**WORK ORDER**
Would you repeat the whole listing exactly, pictures excluded?

━━ DATASET SECTION ━━

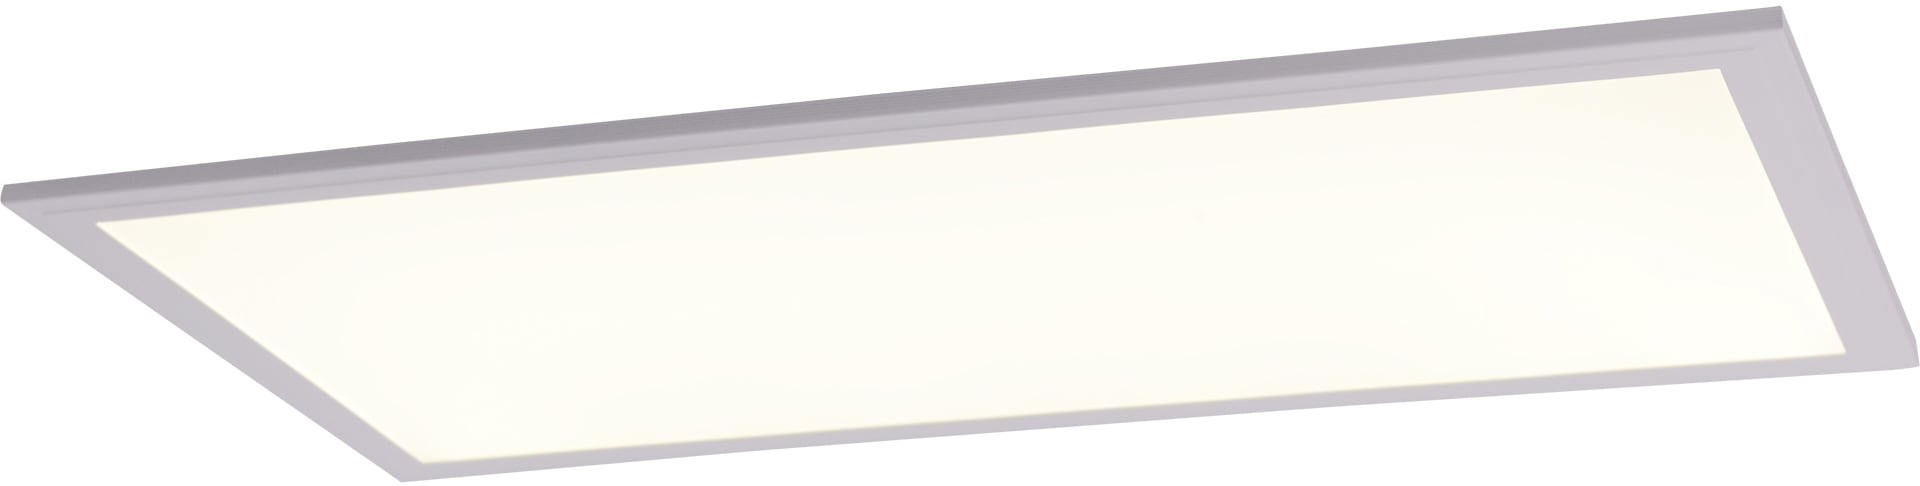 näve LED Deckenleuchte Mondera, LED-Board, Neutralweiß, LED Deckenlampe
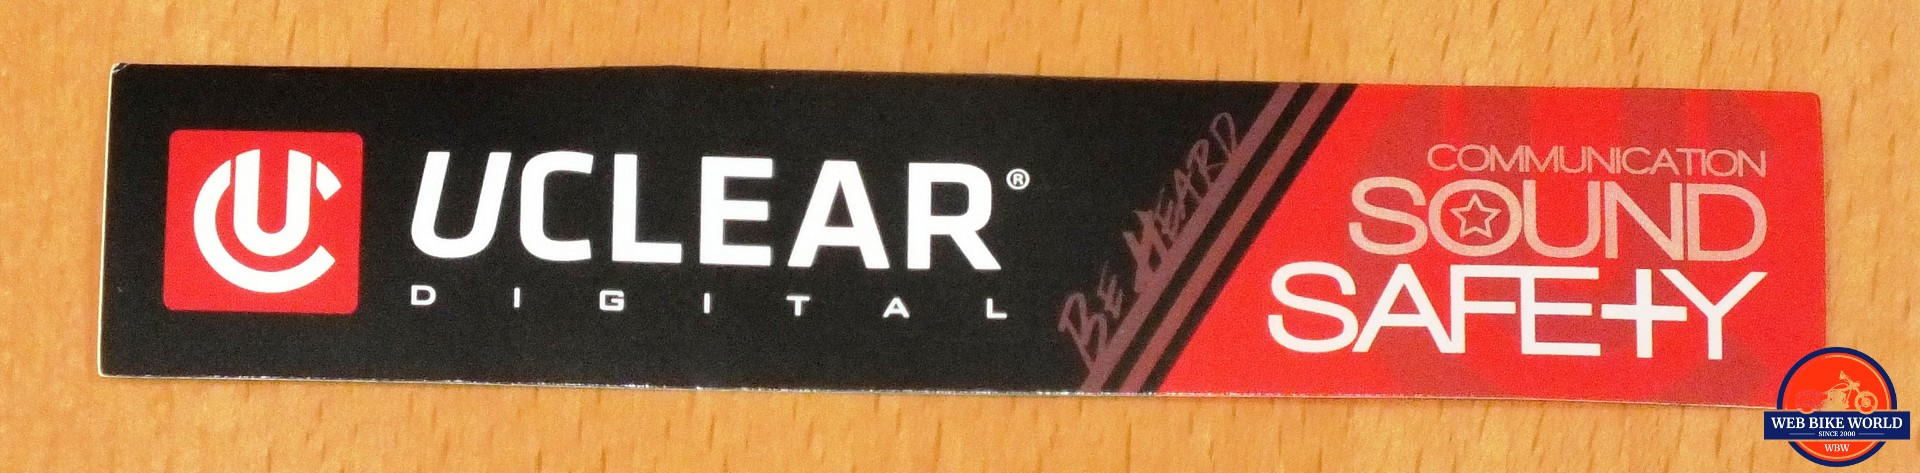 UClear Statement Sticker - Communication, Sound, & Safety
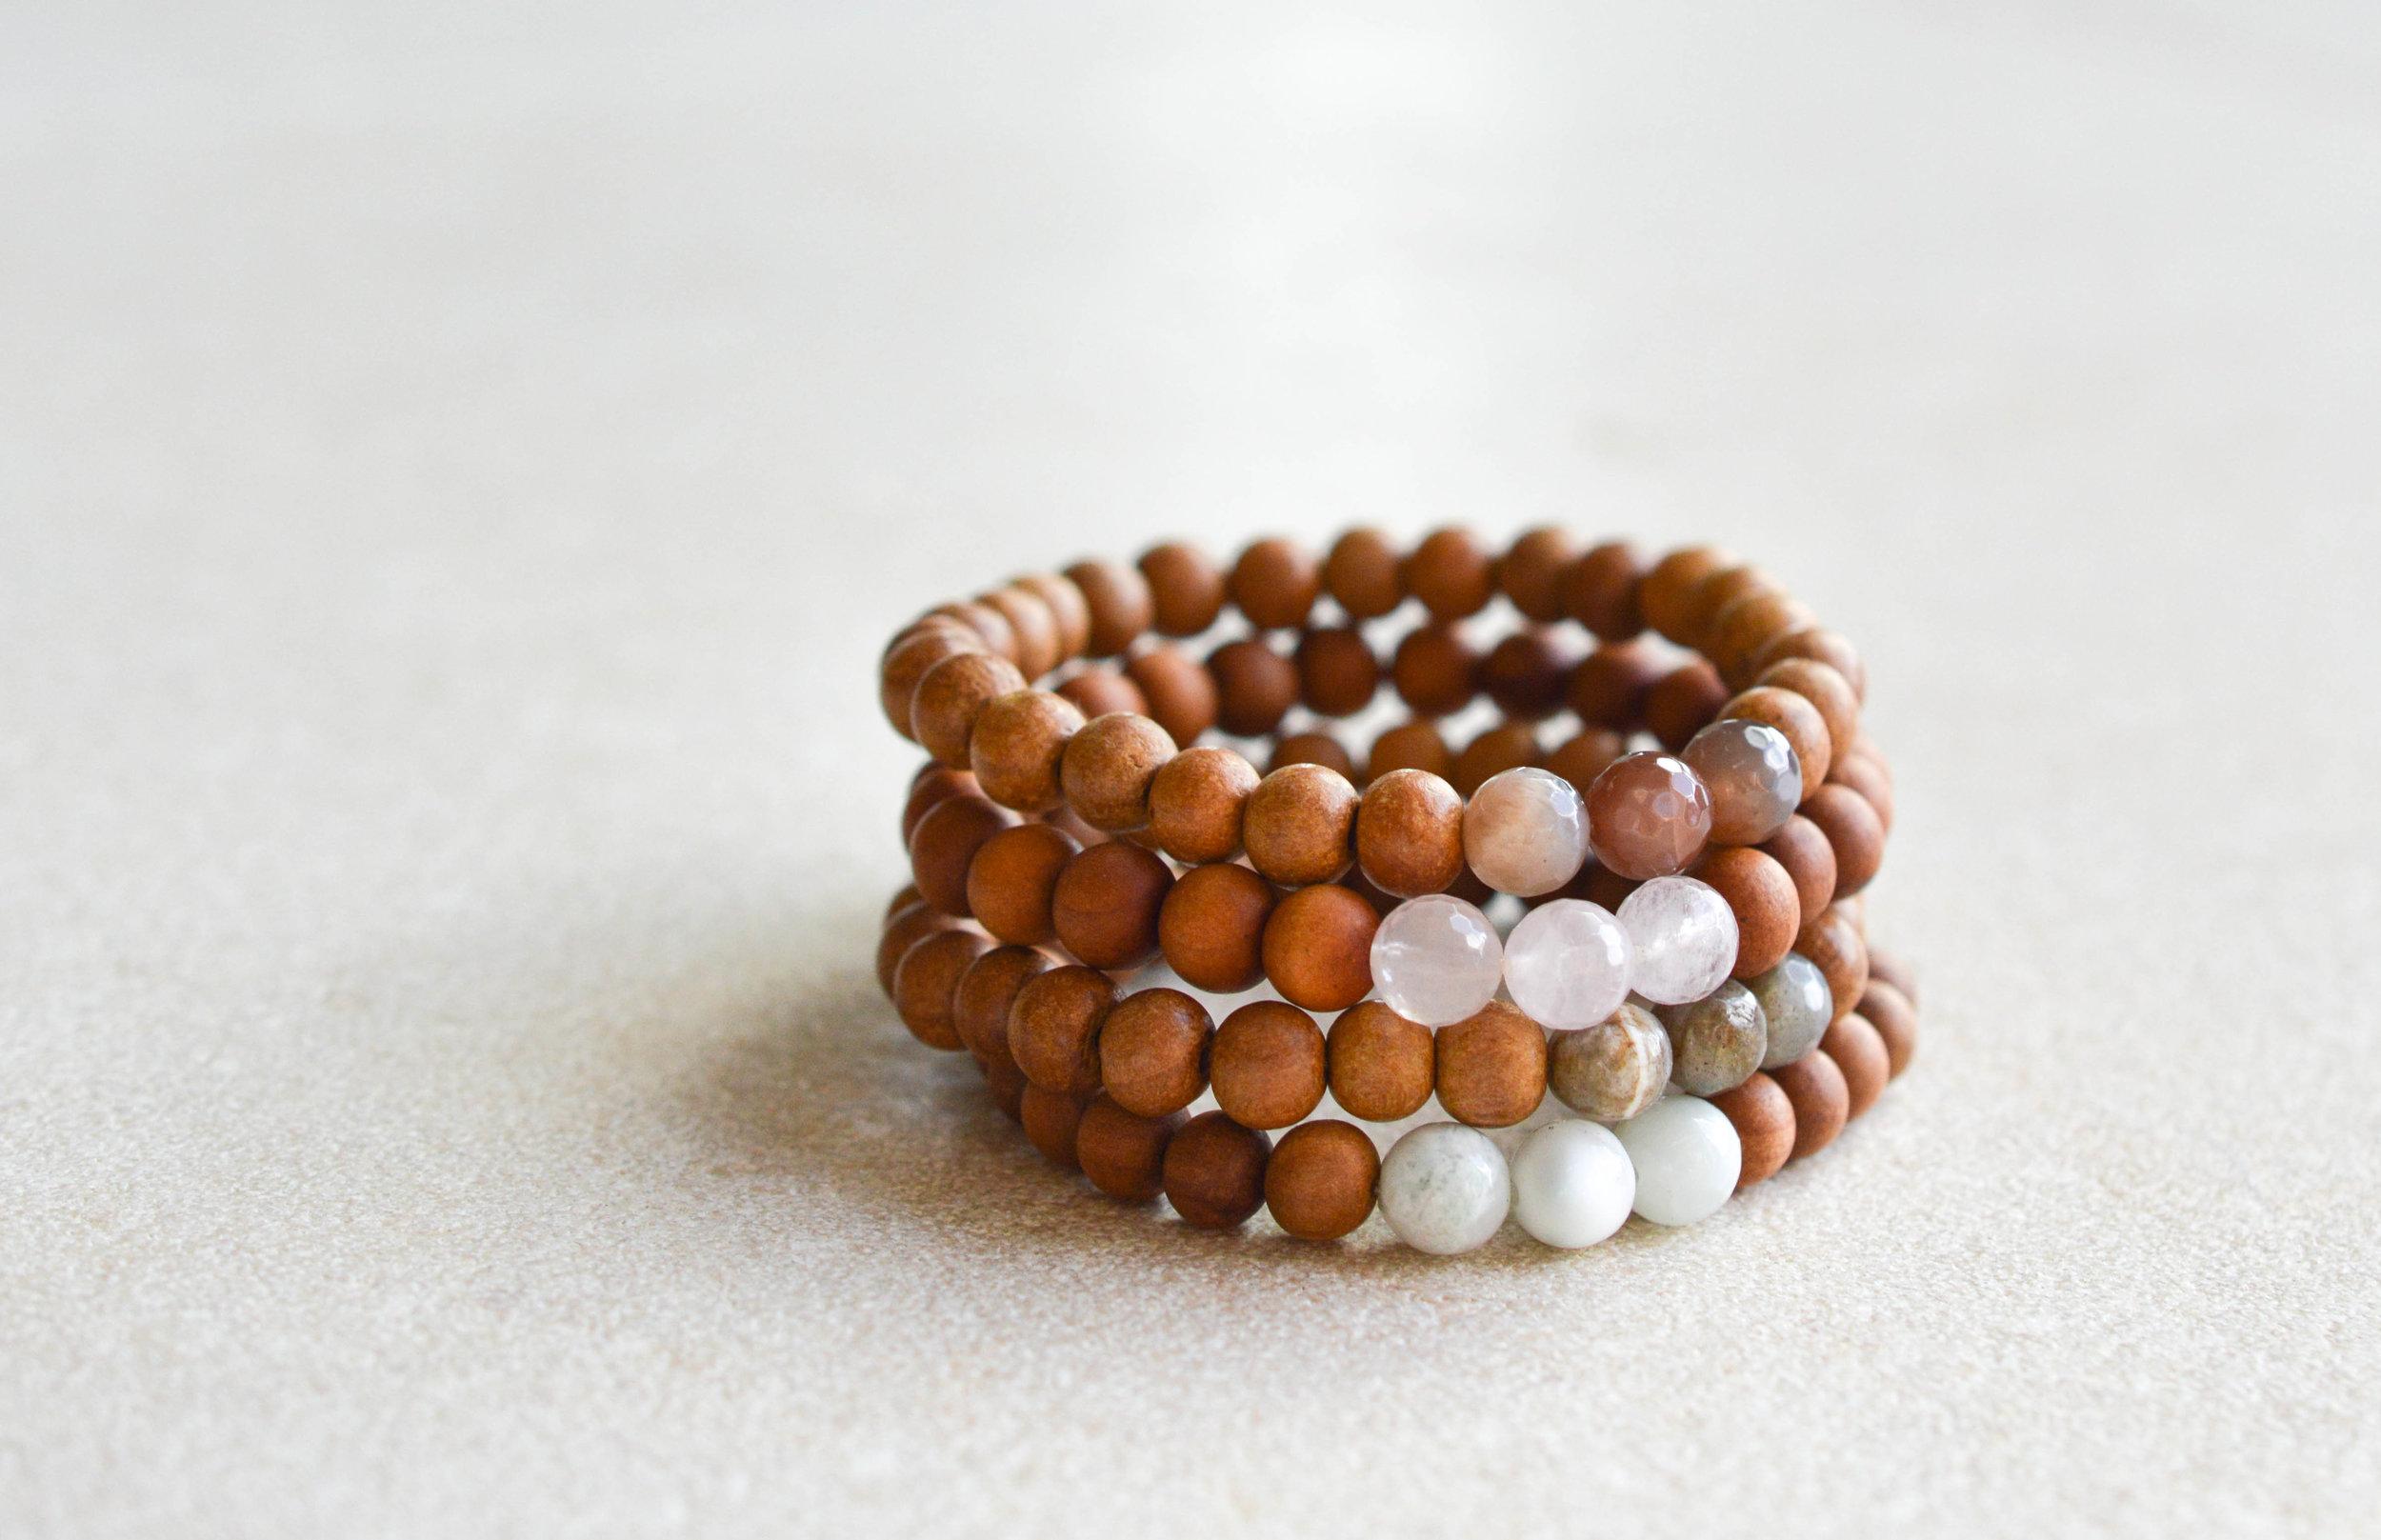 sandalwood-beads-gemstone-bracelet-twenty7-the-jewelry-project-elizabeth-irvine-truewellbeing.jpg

━━━

**RESPONSE TO THE TASK**
 näve LED Deckenleuchte Mondera, LED-Board, Neutralweiß, LED Deckenlampe
 UClear Statement Sticker - Communication, Sound, & Safety
 sandalwood-beads-gemstone-bracelet-twenty7-the-jewelry-project-elizabeth-irvine-truewellbeing.jpg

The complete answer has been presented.